Unless an 11th hour deal can be reached, the walkout called by the NUJ, which represents about 4,100 BBC journalists, will see picket lines outside all the corporation’s main buildings including Broadcasting House and Bush House in central London and Television Centre in west London.

According to sources there have been attempts to bring in a freelance to work on The Review Show, which airs after Newsnight on BBC2 on Friday night, rather than Kearney and Wark, but the individual involved rejected the offer when they realised it would be “strike busting”.

One insider said: “Newsnight is pretty solidly behind the strike. And there are a lot of reporters in TV news that are planning to stay away too.”

Last time the BBC went on strike in 2005 Jeremy Paxman was scheduled to present Newsnight but did not turn up for work, along with other big name news presenters including Fiona Bruce and John Humphrys.

This Friday, Humphrys is due to present Radio 4’s Today programme from China, with Sarah Montague co-anchoring from London.

It is understood that Simon Mayo is planning not to front the Radio 5 Live film show he presents with Mark Kermode on Friday afternoons, but is due to present his Radio 2 programme. BBC Breakfast and the BBC News Channel are also expected to be hard hit.

One source said BBC managers were considering drafting in journalists from the regions or the BBC World News channel to work on the domestic operation.

In 2005, BBC News 24 presenter Susan Osman fronted several news bulletins throughout the day, including the 1pm BBC1 show, while Akhtar Khan, from magazine show Fast Track, anchored BBC Breakfast and BBC World’s Stephen Cole presented the Six O’Clock News.

Although technicians’ union Bectu has decided not to strike, some of its members who work producing shows in news galleries have said they will not cross picket lines. Some have even announced they are leaving Bectu and joining the NUJ.

In a newsletter to its members, the NUJ said there is a “simple way to stop the strike”, adding: “If the BBC were to agree that, should the pension scheme deficit be less than the £1.5bn when the formal valuation is published in the spring, they would reopen negotiations, the threat of strike action could be lifted immediately.”

The BBC director general, Mark Thompson, was due to email staff this afternoon about the pension deficit and the strike.
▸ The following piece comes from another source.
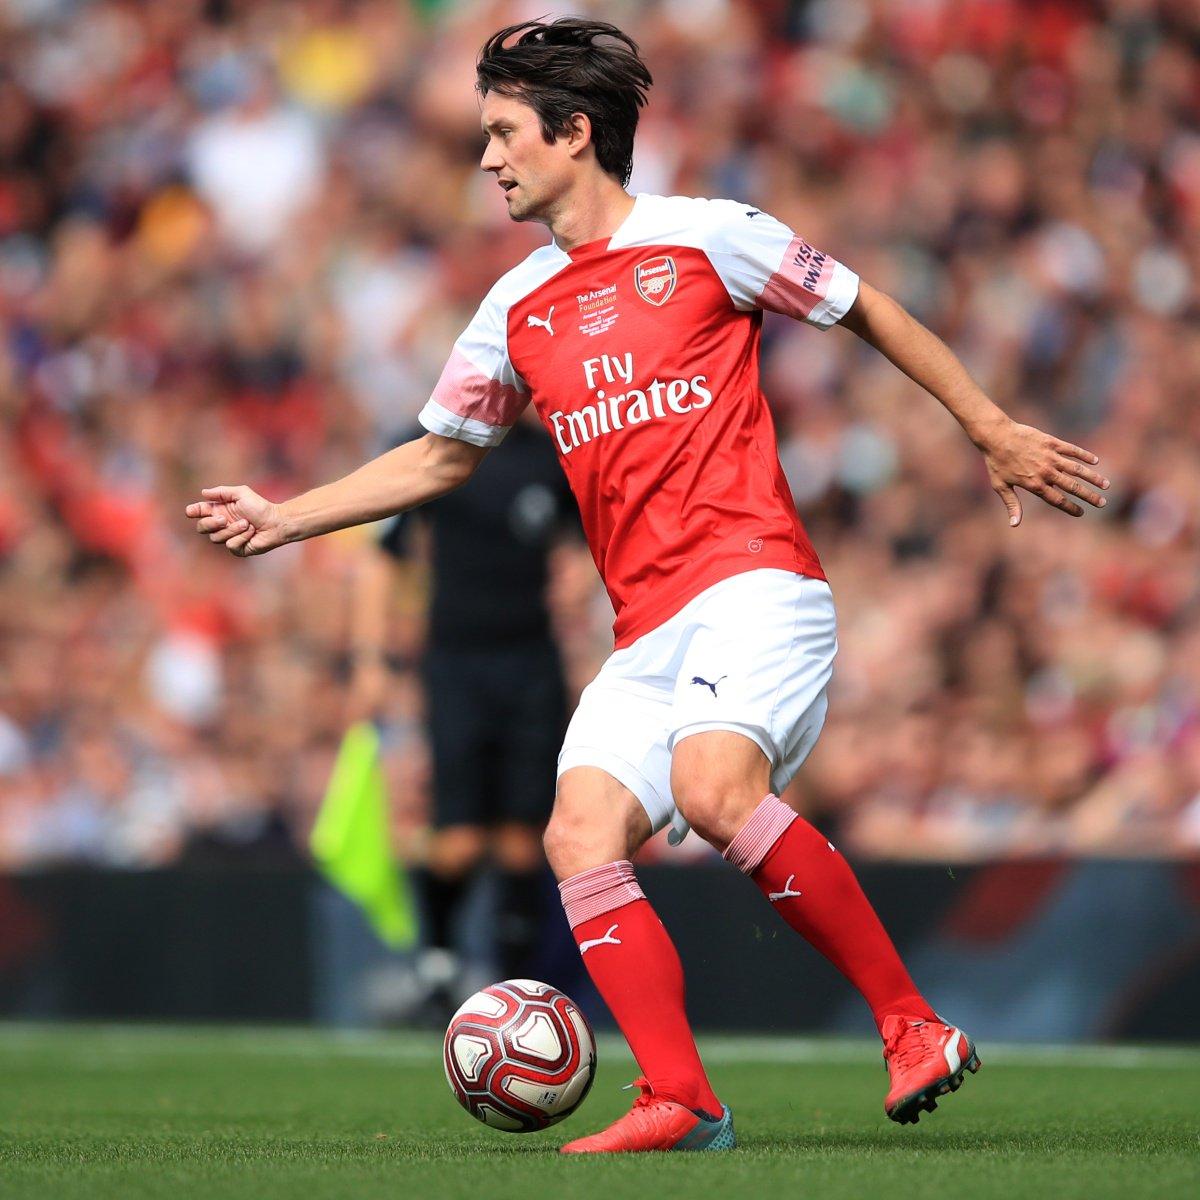 premium selection 2facb 0aae6 Arsenal on Twitter:

BBC management has argued that changes to the corporation’s generous final salary pension scheme are essential to tackle a deficit its forecasts at between £1bn and £2bn.

A strike planned for the beginning of October by all five BBC unions – the NUJ, Bectu, Unite, the Musicians’ Union and Equity – was called off after last-minute negotiations.

After BBC management made what Thompson described as a final improved offer, last week members of the other four unions voted to accept the proposal.

However, BBC NUJ members rejected the offer and the union called two 48-hour strikes. A second two-day stoppage is due to take place from 15 November and the NUJ has threatened further industrial action over Christmas if the pension dispute is not resolved.